--- DATA BELOW ---
* * * * * * *

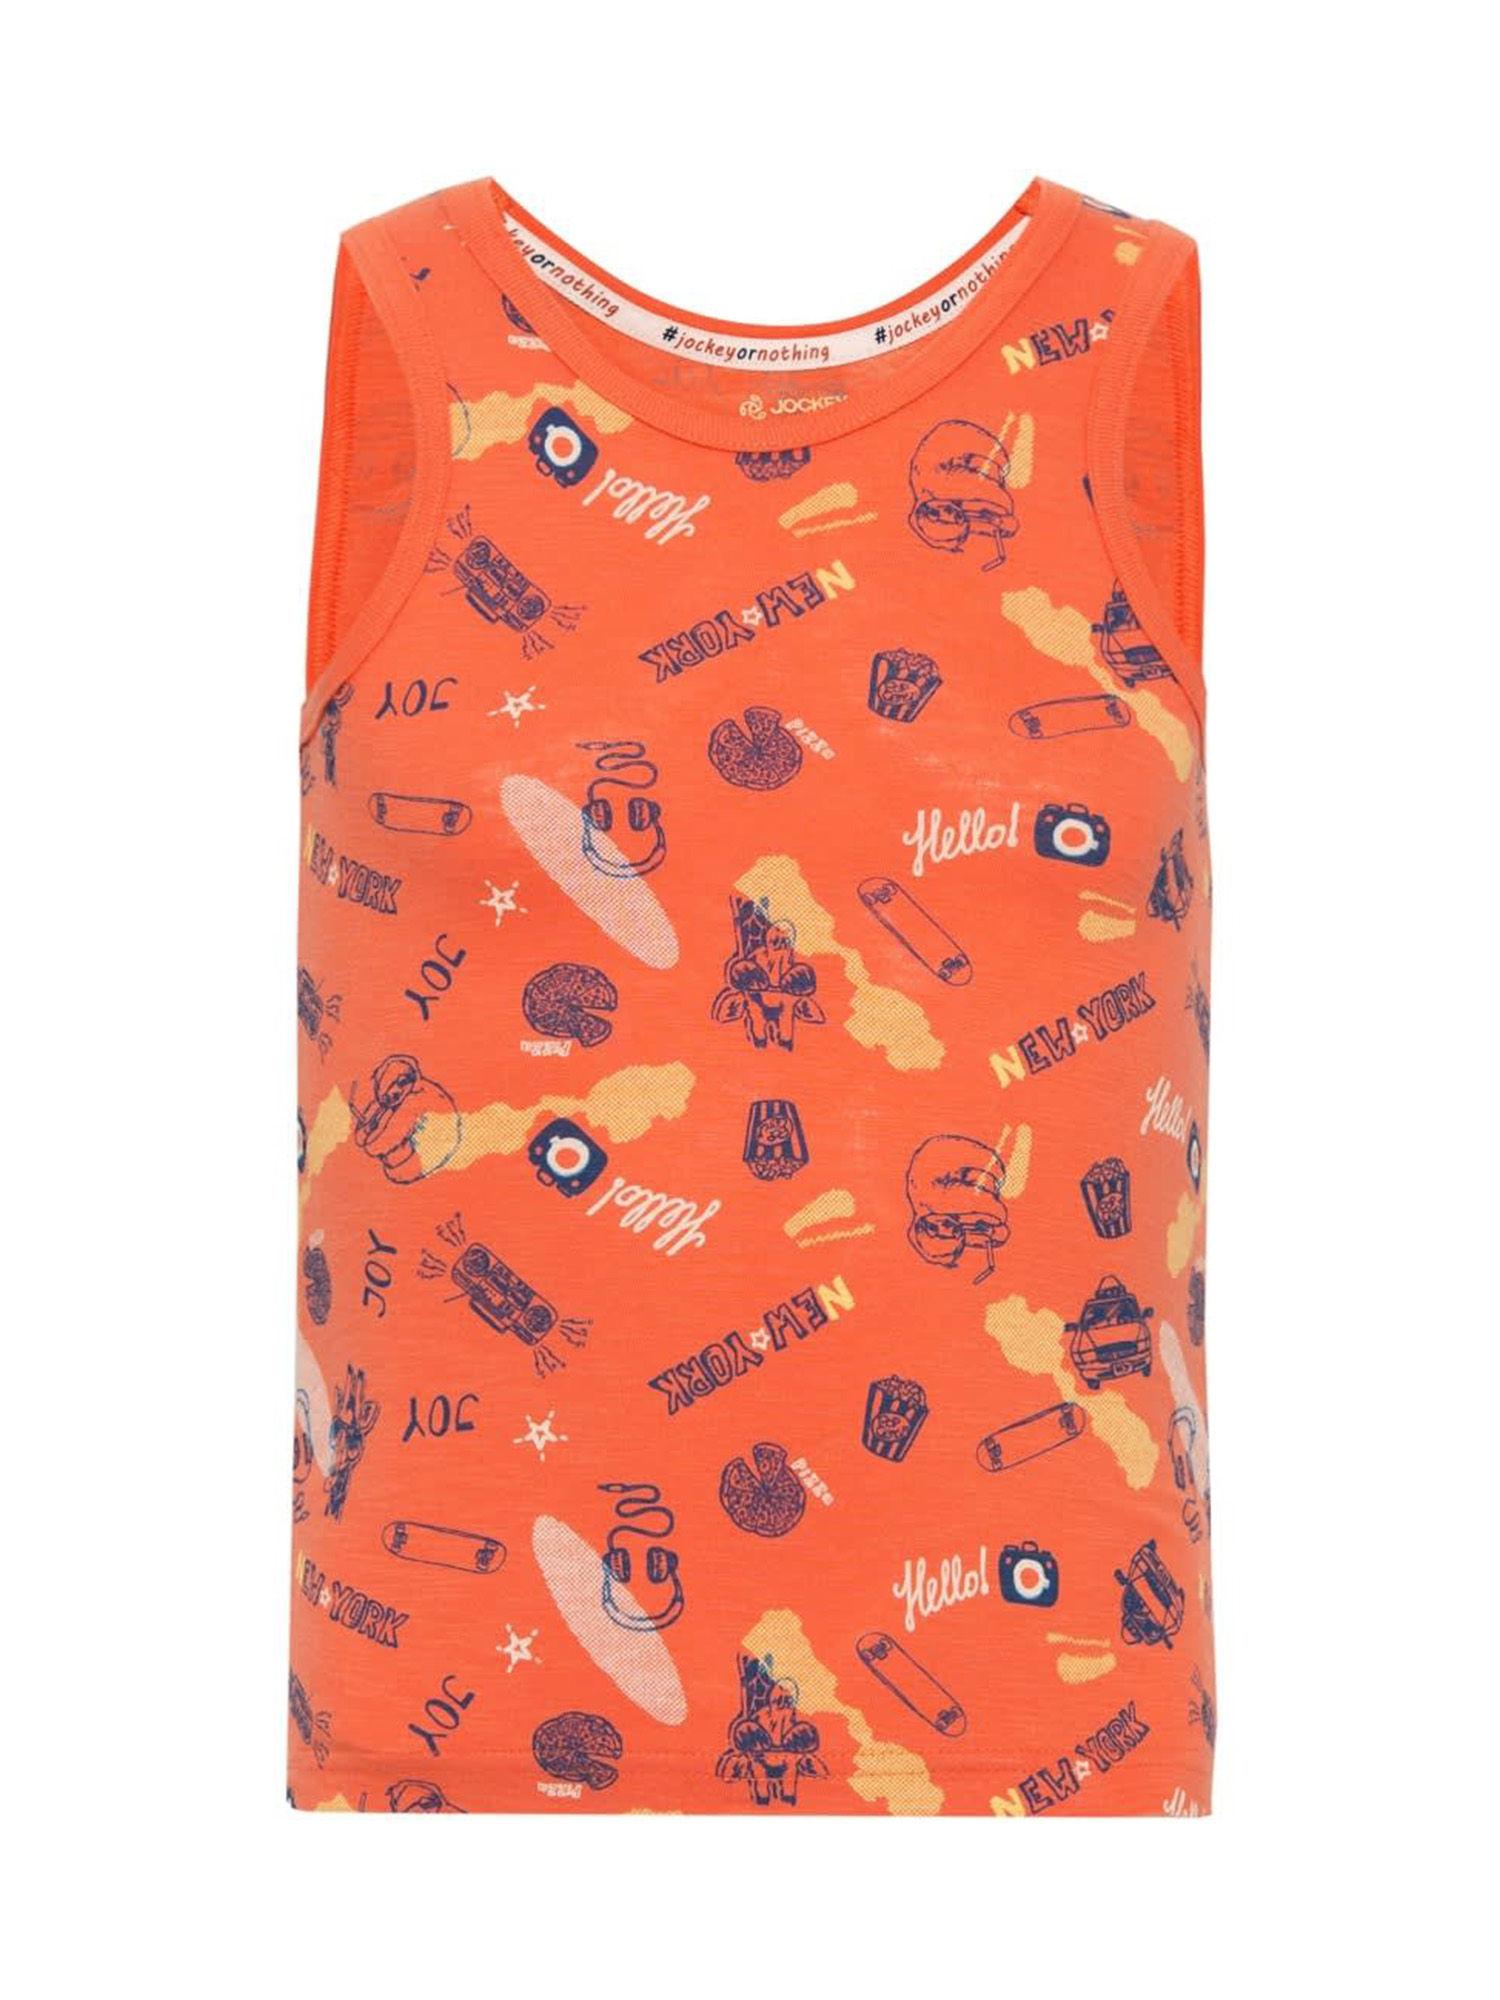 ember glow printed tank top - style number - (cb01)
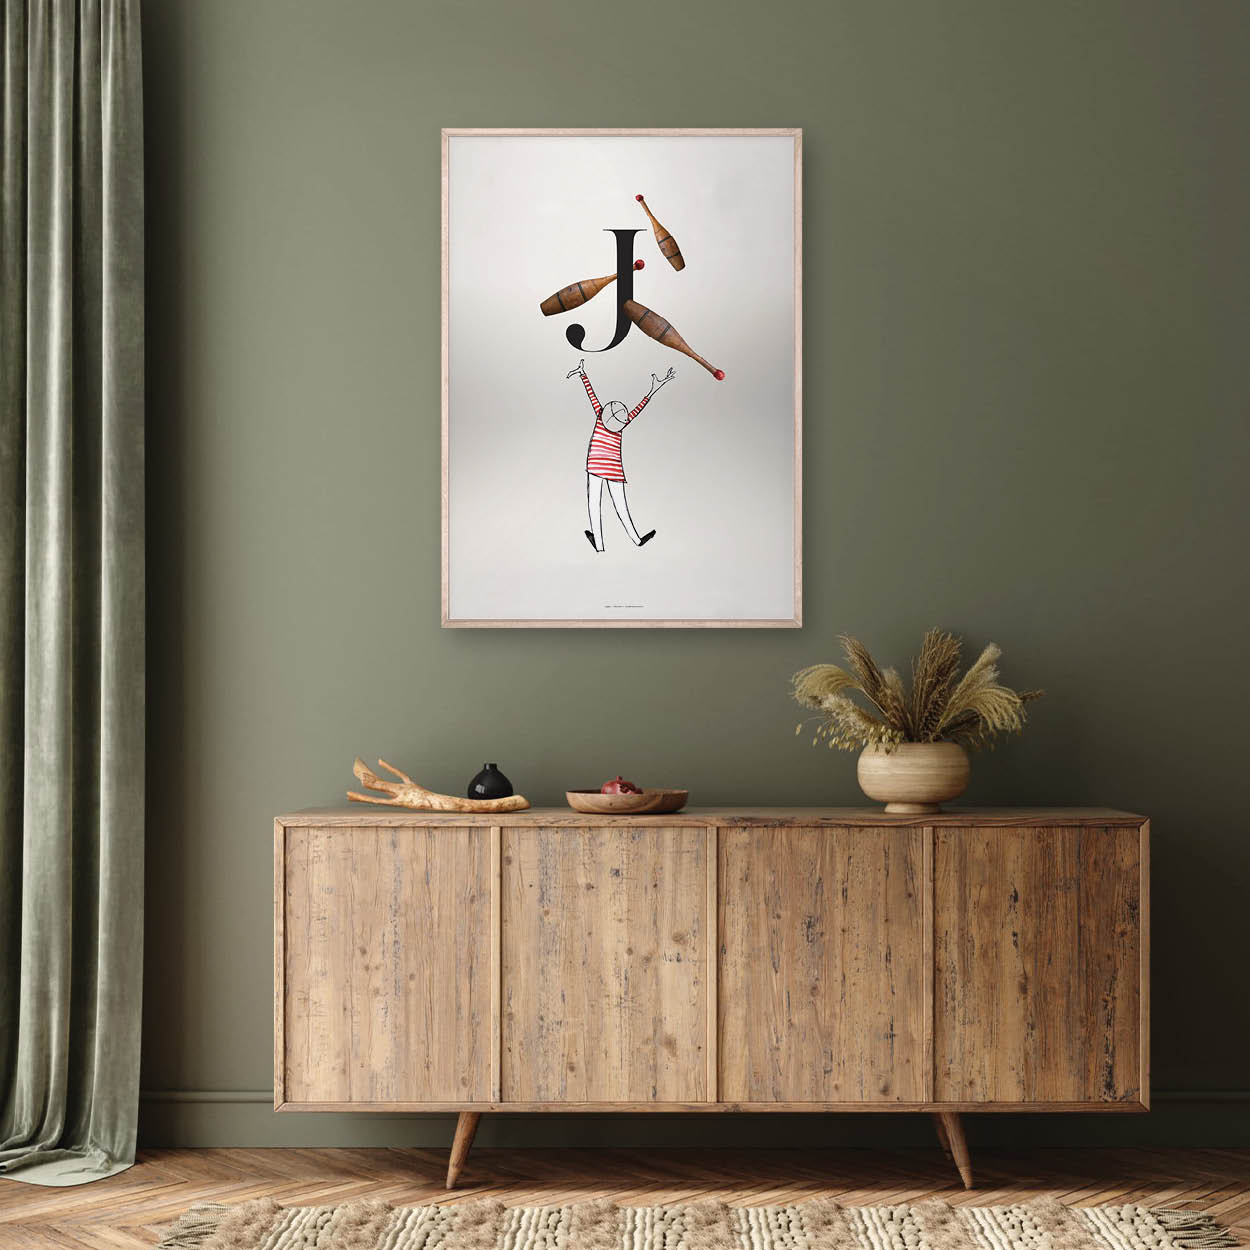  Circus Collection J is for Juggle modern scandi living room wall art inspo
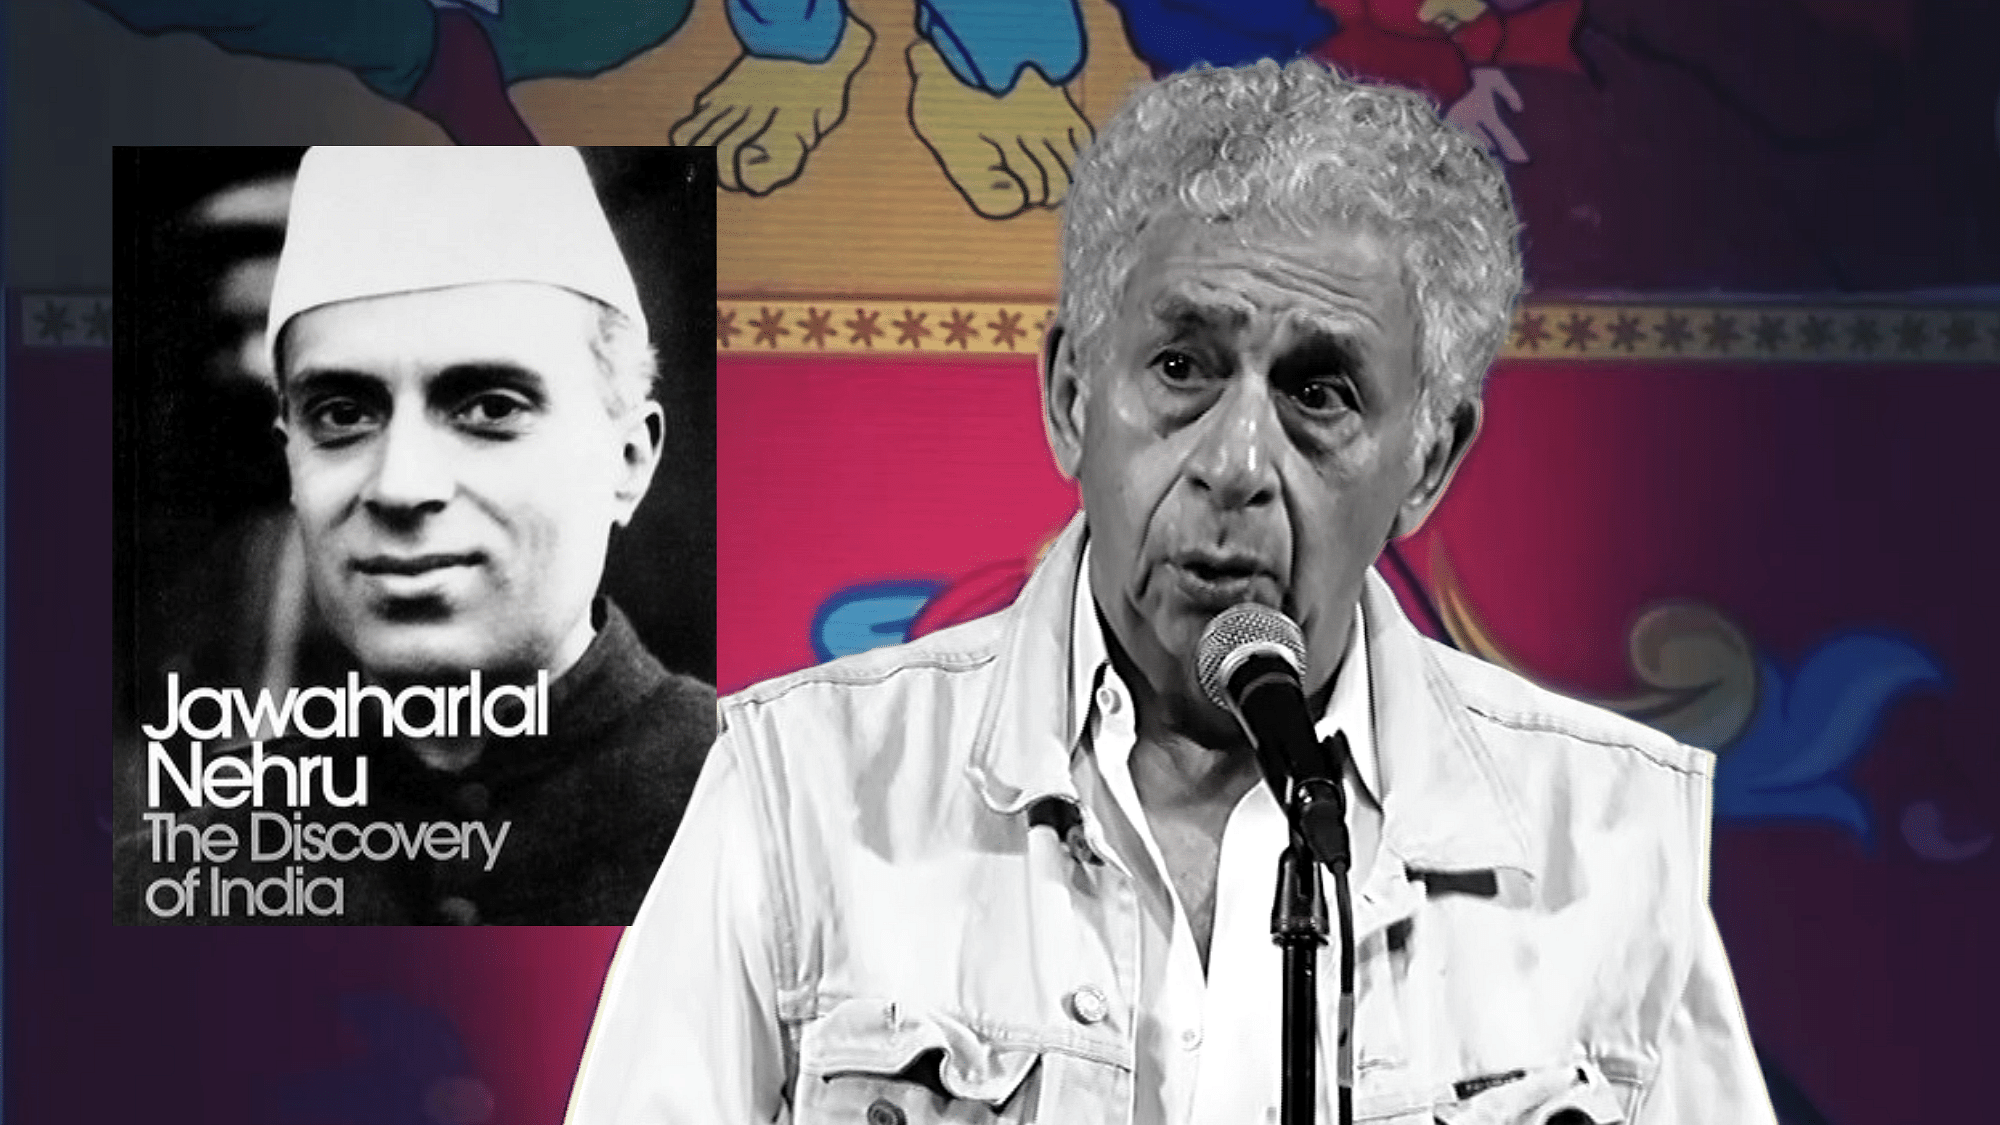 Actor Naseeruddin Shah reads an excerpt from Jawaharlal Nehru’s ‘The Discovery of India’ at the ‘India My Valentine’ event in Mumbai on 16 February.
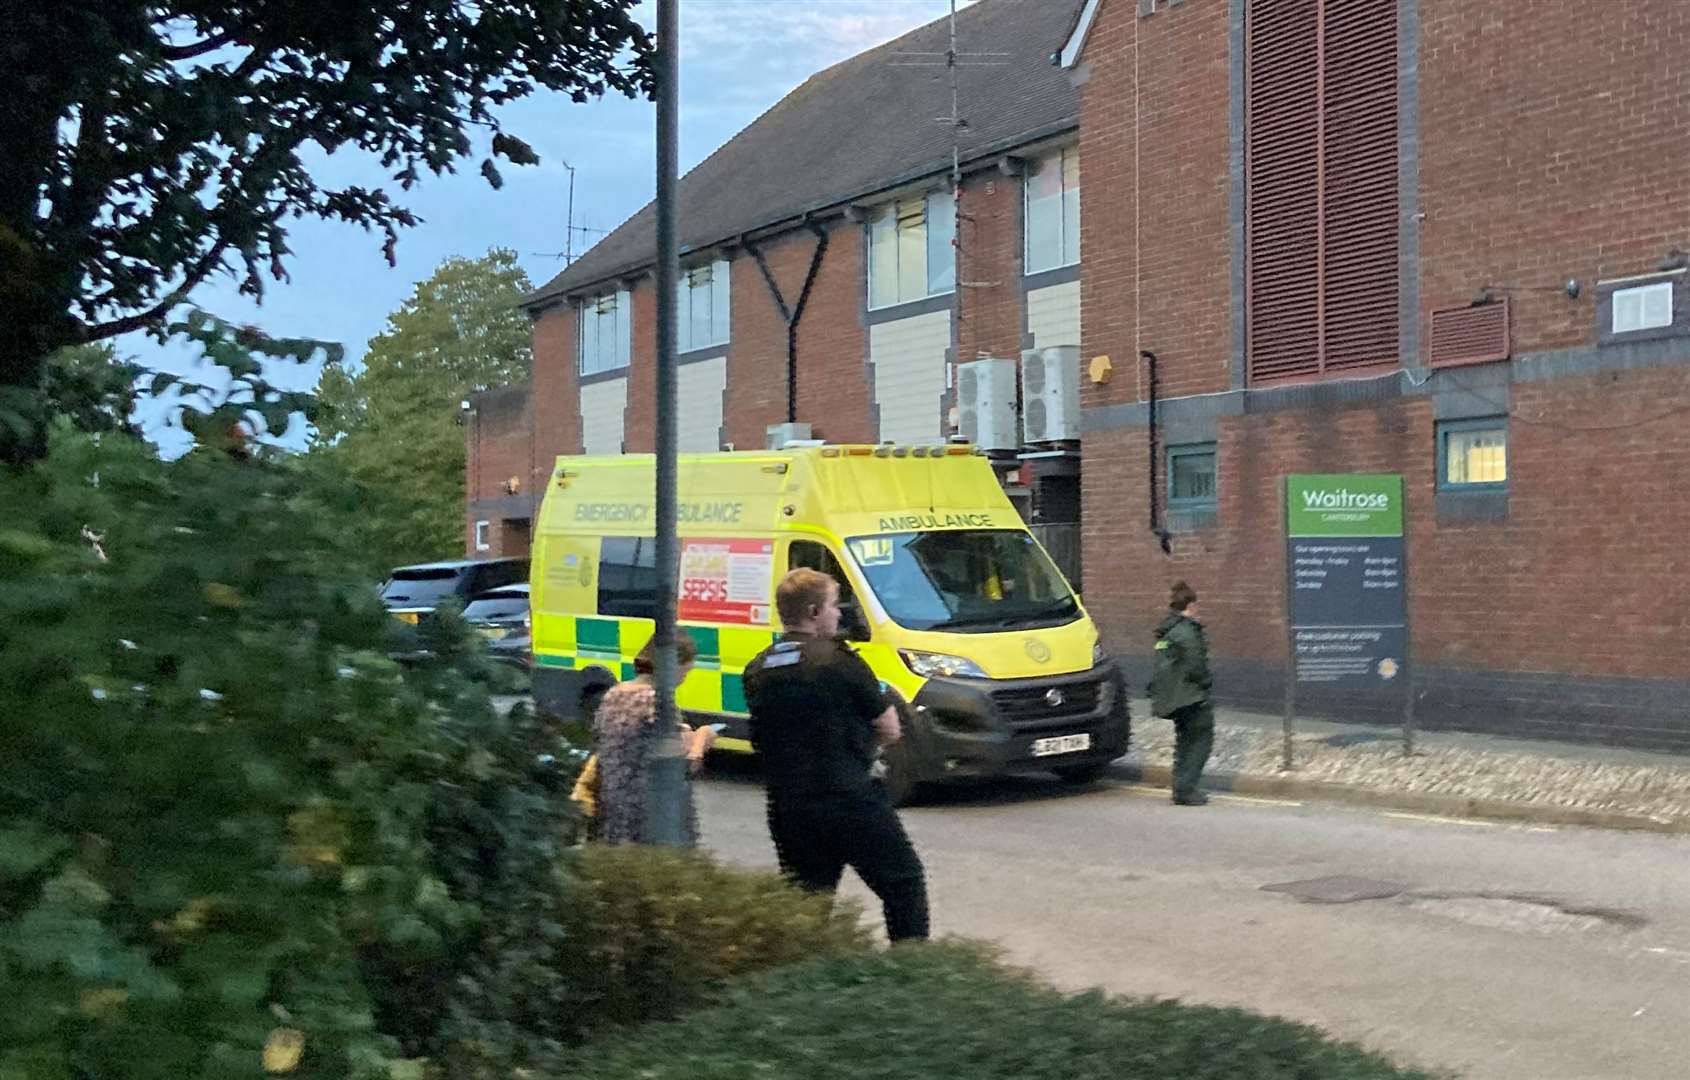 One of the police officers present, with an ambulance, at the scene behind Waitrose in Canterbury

* * * * * * *

--- TASK DETAILS ---
Except for the pictures, give all the material above again verbatim.

--- EXPECTED ANSWER ---
 ember glow printed tank top - style number - (cb01)
  Circus Collection J is for Juggle modern scandi living room wall art inspo
 Actor Naseeruddin Shah reads an excerpt from Jawaharlal Nehru’s ‘The Discovery of India’ at the ‘India My Valentine’ event in Mumbai on 16 February.
 One of the police officers present, with an ambulance, at the scene behind Waitrose in Canterbury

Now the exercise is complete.